A late-shift worker in a bar, or an NHS nurse on nights, cannot rely on shonky public transport, especially in the suburbs, where the buses seem to finish at about 9pm. And for all the cycling evangelism of the 20-somethings at TfL, an 50-year-old office worker is not going to cycle home 10 miles to the suburbs after a long day at work.
The taxi and private hire industry needs help from regulators. Especially in London, it needs a more flexible approach. The sad truth is this: Transport for London is not fit for purpose. Under-funded, under-staffed and inflexible, it acts as a boat anchor on this industry.
Yes, safety is important. Yes, applicants need to pass DBS checks before being allowed behind the wheel of a cab. But there is no reason why the process has to take so long – 10 months at present – to carry out. Wolverhampton Council can process a licence in a couple of weeks – why can’t TfL?
Then there are the punitive rules on vehicles. Back in 2015, TfL decreed – after being bullied by the black cab lobby – that every new private hire car should be “zero-emissions capable”. This idiotic rule means that clean petrol-electric hybrids such as the Toyota Prius were banned, though it was OK to license a
PHEV. You didn’t need to plug it in – it just had to be “capable” of operating for a few miles on battery alone.
It doesn’t take a genius to work out what happened. Nobody plugged in the PHEVs (as there was nowhere to plug them in), and instead the drivers lugged a dead battery, weighing as much as two passengers, around all day. Well done, TfL. You made people buy a less efficient car.
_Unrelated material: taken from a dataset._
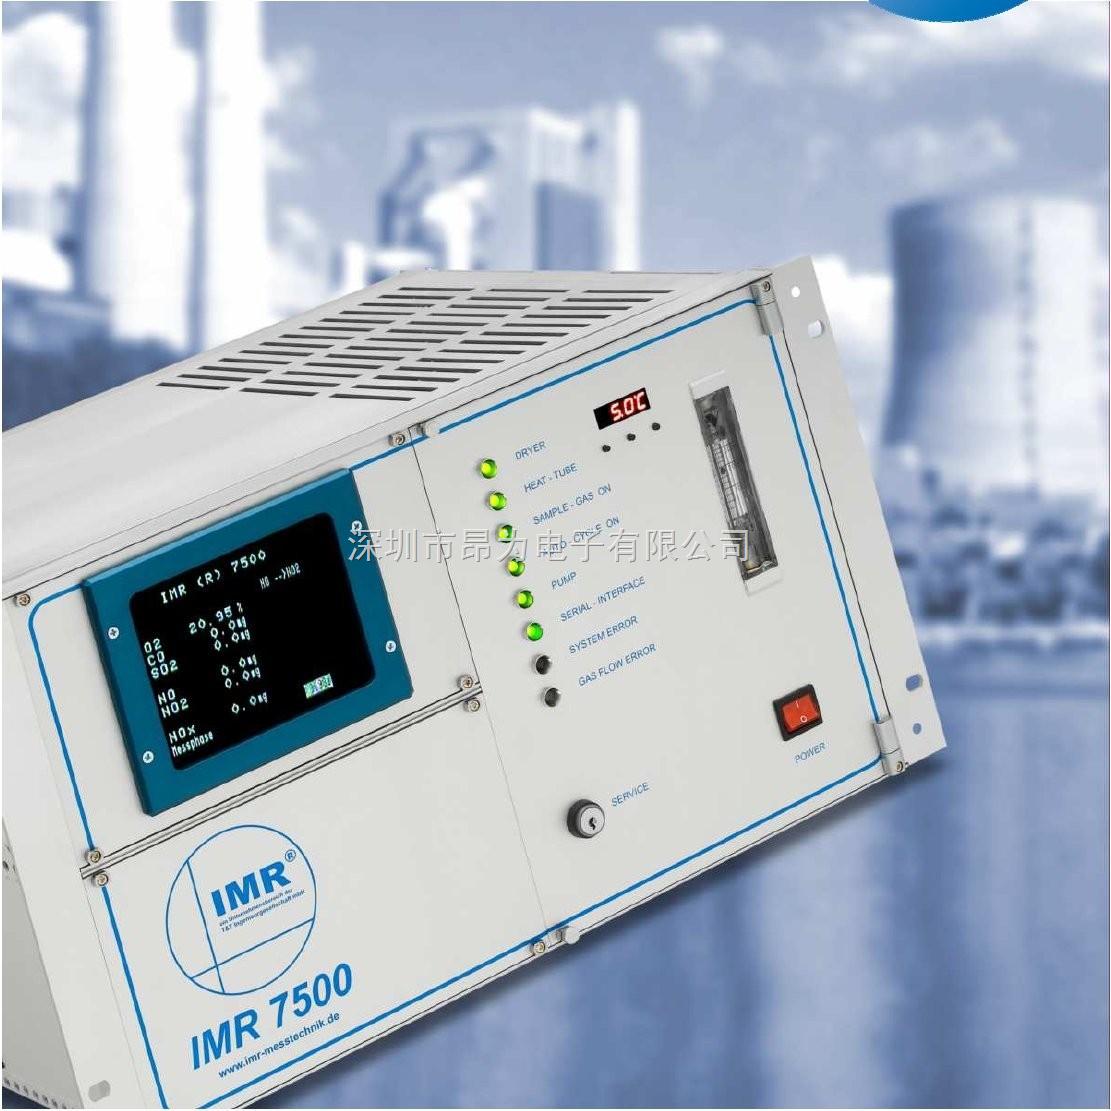 IMR 7500-连续排放监测系统(CEM) IMR 7500

Now we’re heading to a point where you can only register an EV. There are 100,000 PHVs in London. Most of the drivers do not have off-street charging facilities. See where we’re heading here? Where’s the incentive to go electric when it presents so many problems? Find a charger. Wait for it to become free. Wait up to an hour for it to charge the car. Precious earning time gone. You might as well keep your old diesel and pay the C-charge. Again, a negative effect.
It’s particularly bad for chauffeurs. Only now, with the launch of the BMW i7 and Genesis G80 Electrified, are genuine all-electric chauffeur cars coming on stream. If you want a seven-seater, you have the choice of Mercedes or Mercedes. Yet TfL refuses to grant a short extension to allow new, non-EV seven-seaters to be registered to replace increasingly worn-out diesels. Common sense is extinct at TfL.
As the government looks to draw up new rules for the sector, it’s important that issues such as EV infrastructure are addressed and common sense rules about upgrading vehicles are applied. In Glasgow, drivers with older cars will have to replace them by next June – a reasonable request for a 12-month extension was refused. The result is likely to be that those who cannot afford a new car will simply quit. And this at a time when the city is desperately short of cabbies.
We need help, and we’re not getting it. And frankly, given the efforts of the past two years that this industry has made to keep Britain moving through the Covid years, we deserve better.
Meanwhile, have a prosperous festive season and let’s hope for a better new year.